Reproduced exactly, the lines from the start of the material through the line containing "Foto de archivo" should be the whole answer, with pictures excluded.

Dataset content:

···

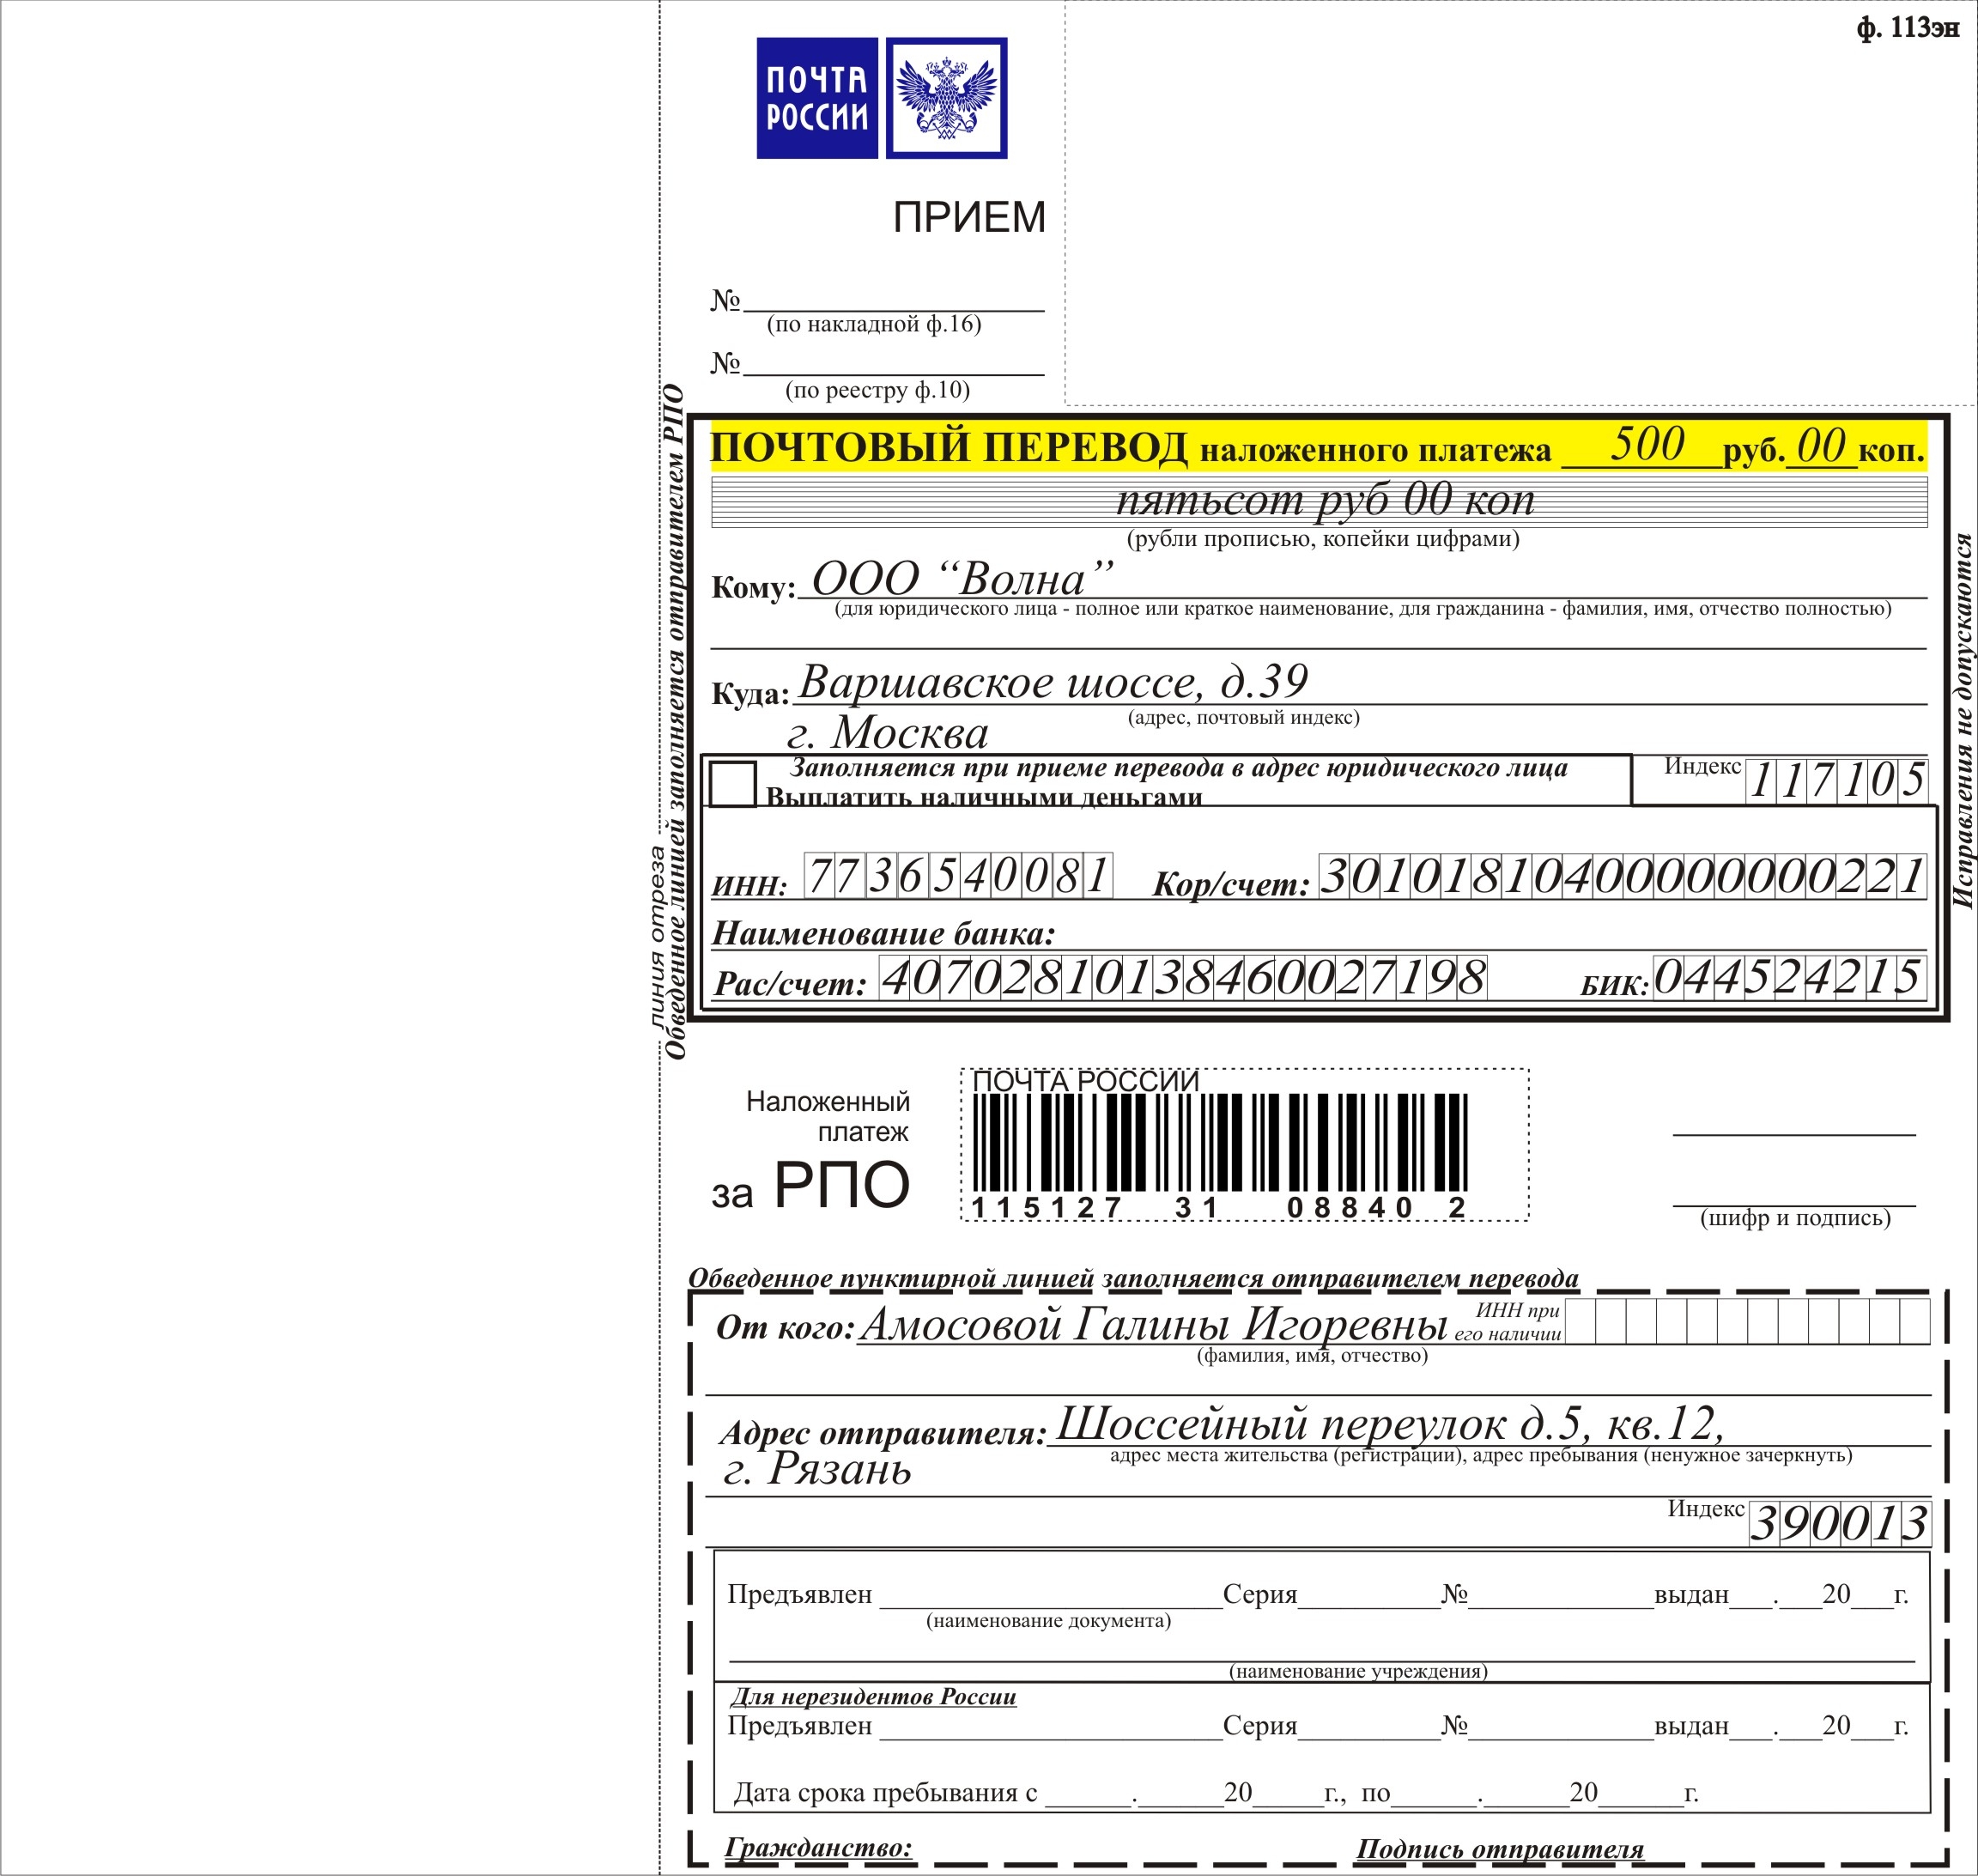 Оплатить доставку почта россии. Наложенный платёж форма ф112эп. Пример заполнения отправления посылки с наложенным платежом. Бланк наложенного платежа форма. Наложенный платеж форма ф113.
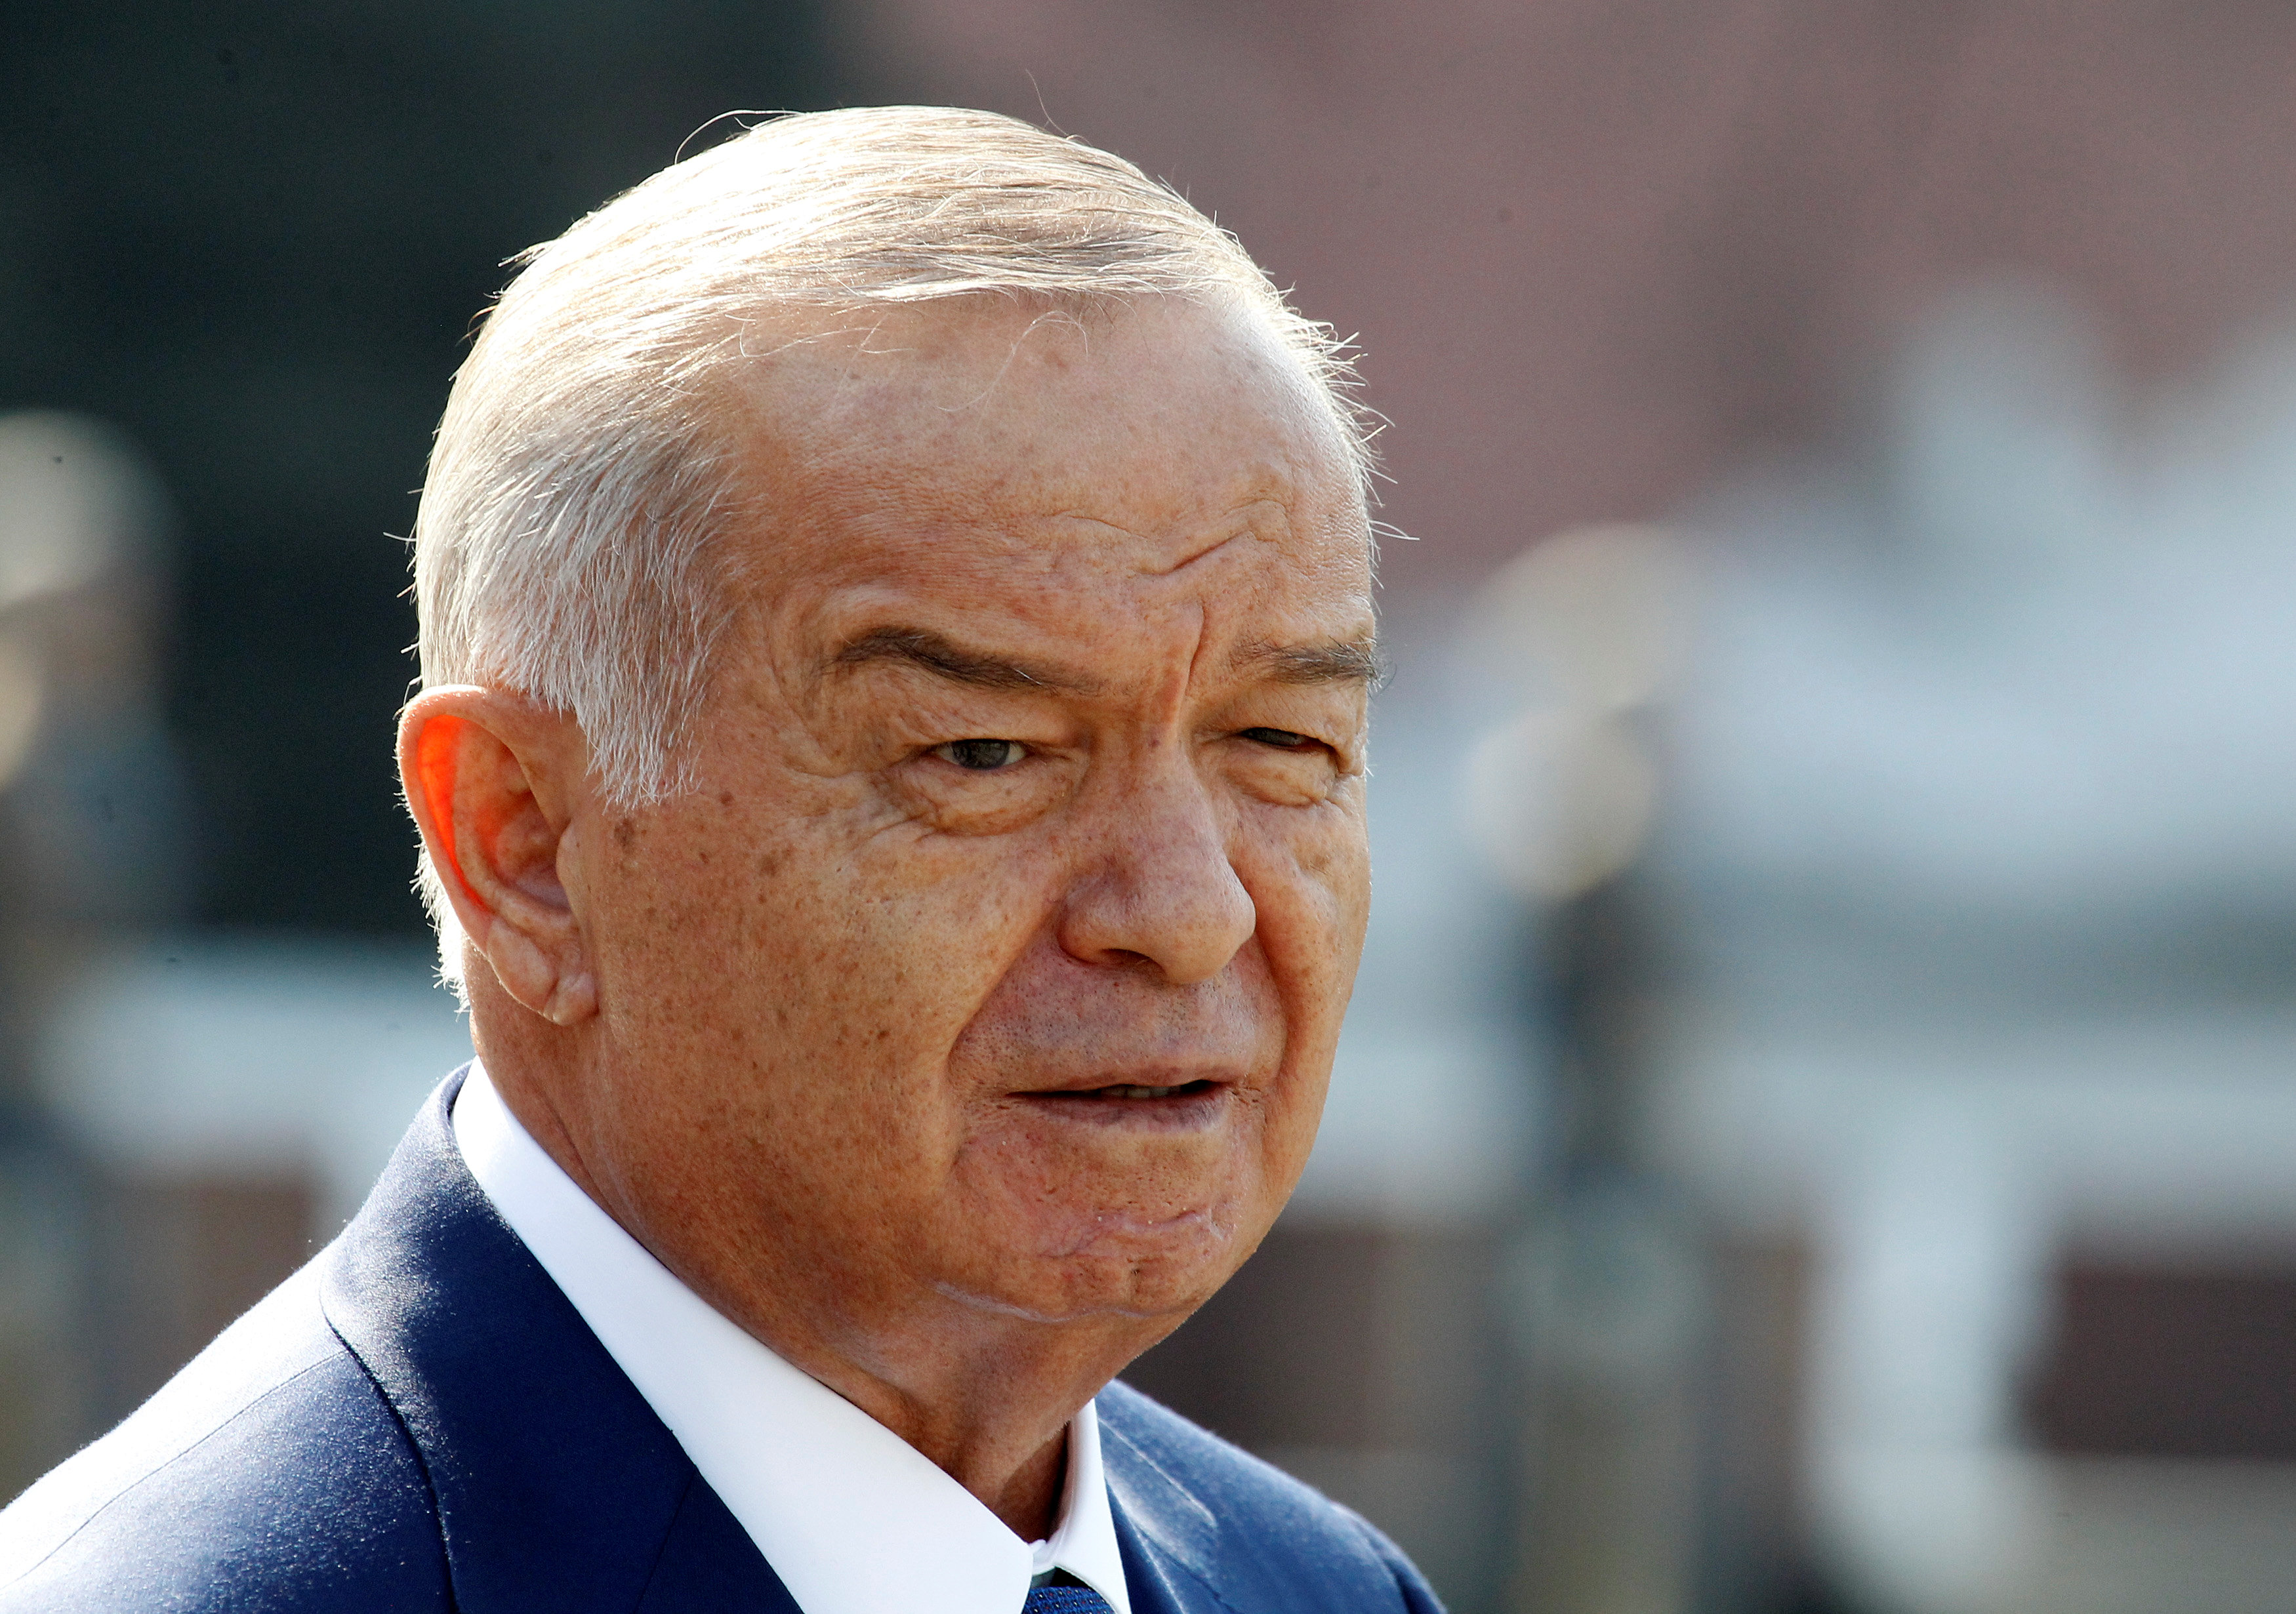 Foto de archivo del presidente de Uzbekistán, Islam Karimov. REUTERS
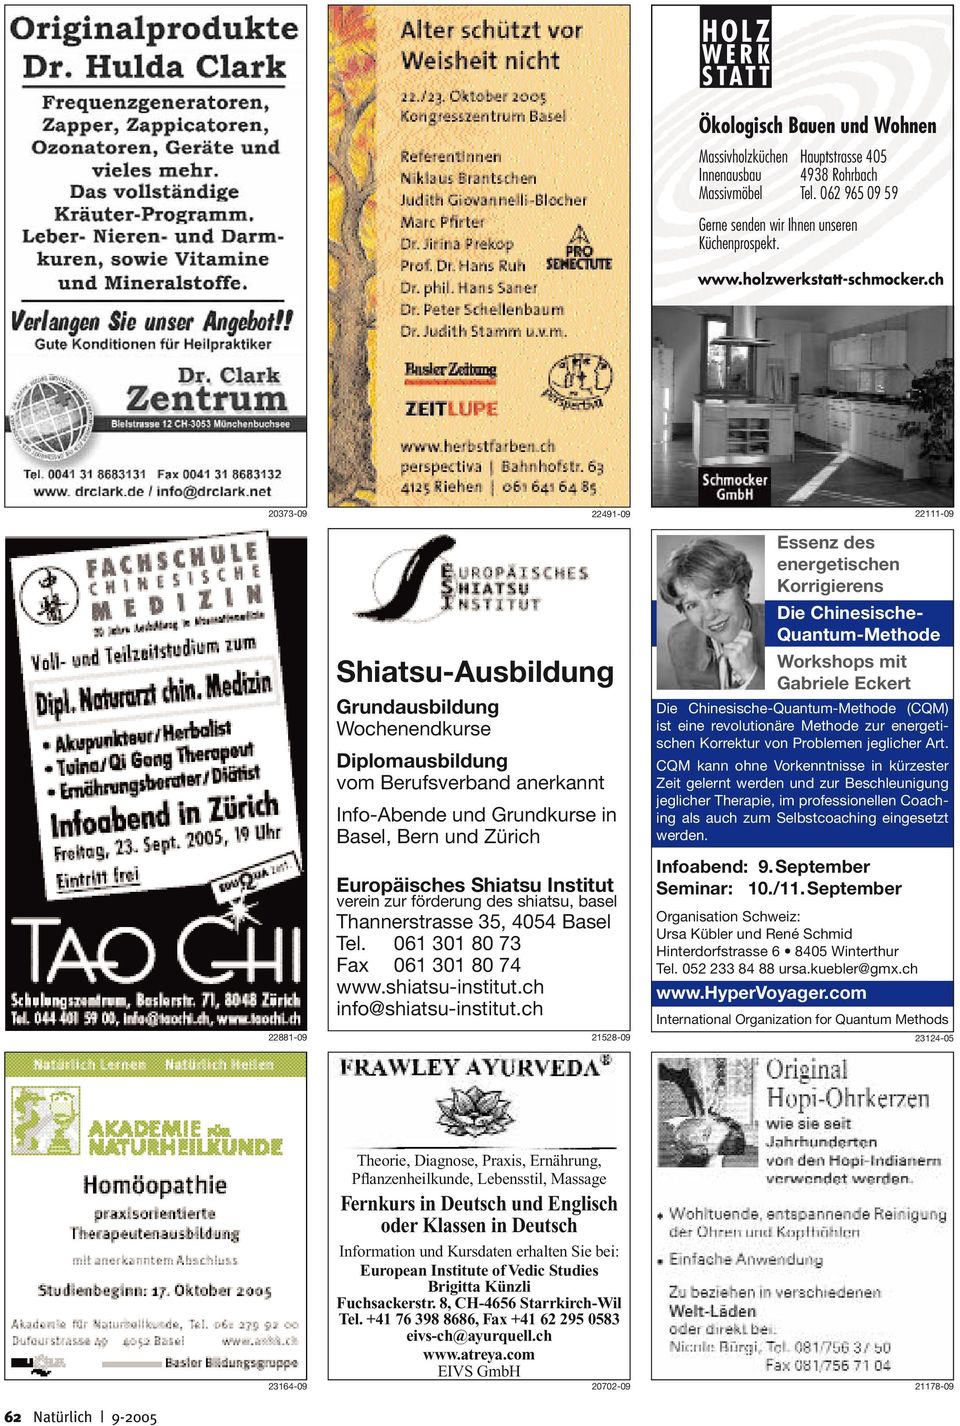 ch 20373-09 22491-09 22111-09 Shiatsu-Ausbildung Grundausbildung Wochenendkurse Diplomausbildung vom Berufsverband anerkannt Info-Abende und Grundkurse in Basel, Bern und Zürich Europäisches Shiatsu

···

Finished exercise:
 Оплатить доставку почта россии. Наложенный платёж форма ф112эп. Пример заполнения отправления посылки с наложенным платежом. Бланк наложенного платежа форма. Наложенный платеж форма ф113.
 Foto de archivo del presidente de Uzbekistán, Islam Karimov. REUTERS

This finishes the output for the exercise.